This module discusses the management of burns in the Tactical Field Care (TFC) setting, highlighting your role as a Combat Medic/Corpsman.
Burns
This module discusses the management of burns in the Tactical Field Care (TFC) setting, highlighting your role as a Combat Medic.
The assessment and management of a burn injury is taught during Combat Lifesaver training, and it is important to understand what their training and anticipated skill set is in order to assume care for the casualty and potentially initiate more advanced treatments.
There are six cognitive and two performance enabling learning objectives covered in this module.
You will learn how to identify scene safety issues and actions required of a trauma casualty with burns before evaluation and care of the casualty, types and severity of burns, and how to estimate the percentage of the body surface involved in the burn.
You will also be able to identify progressive strategies and limitations for burn management in Tactical Field Care (TFC) as well as how to identify the indications, contraindications, and administration methods of Lactated Ringer's.

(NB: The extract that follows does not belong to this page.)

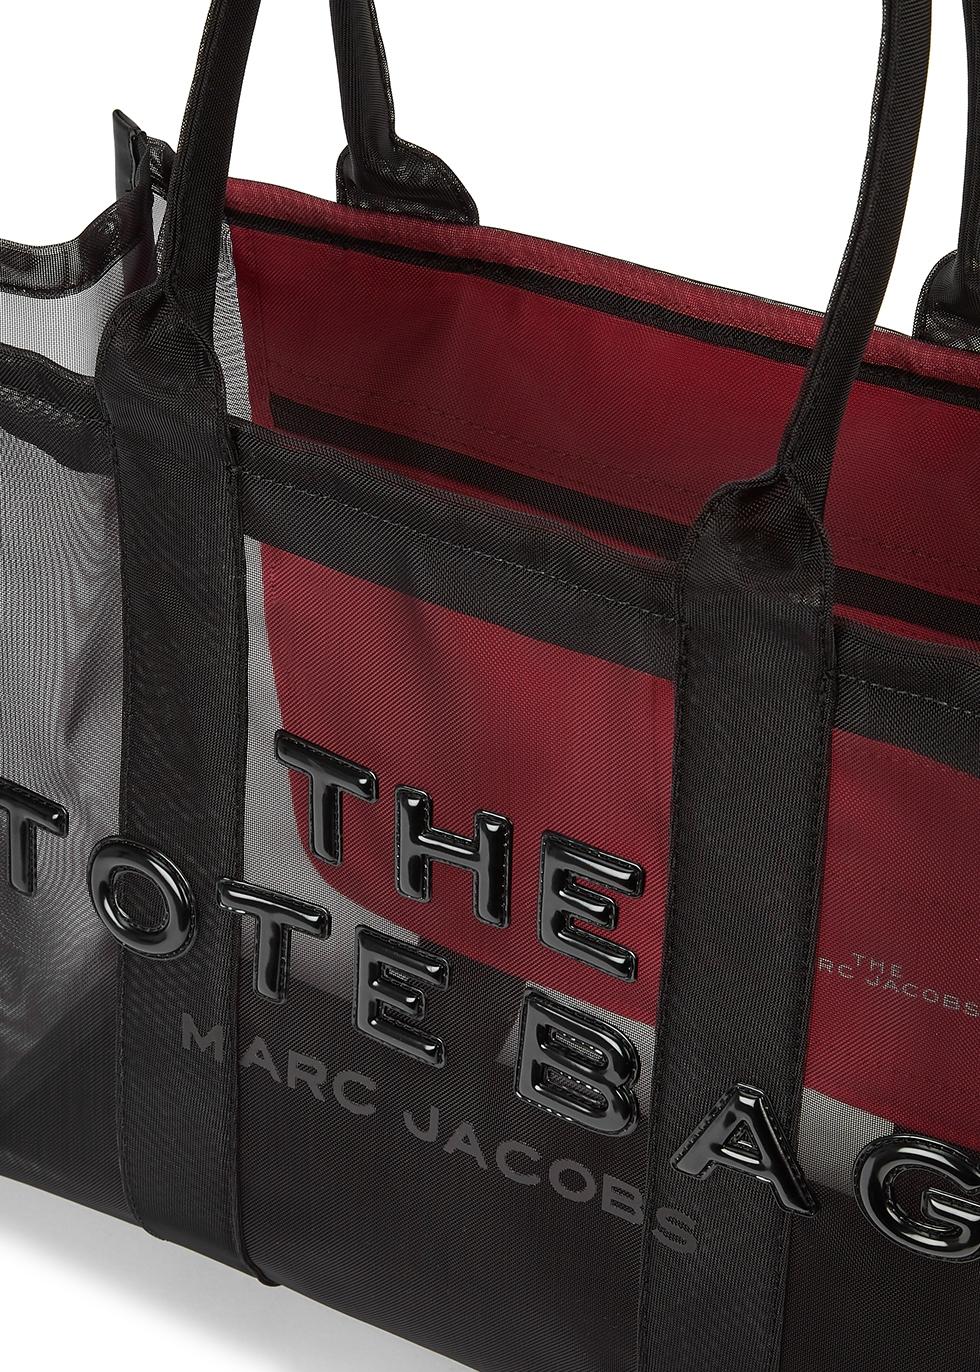 Marc Jacobs (The) The Traveler black mesh tote - Harvey Nichols

The performance objectives involve learning how to apply a dry dressing, demonstrating techniques to prevent heat loss (hypothermia), and initiating burn fluid resuscitation when indicated.
Remember, you are now in the Tactical Field Care phase of care, so the focus has shifted from immediate life-threatening hemorrhage control while still under enemy fire in the Care Under Fire phase to the reassessment of all previous interventions, followed by the prevention and treatment of other injuries and complications such as burns.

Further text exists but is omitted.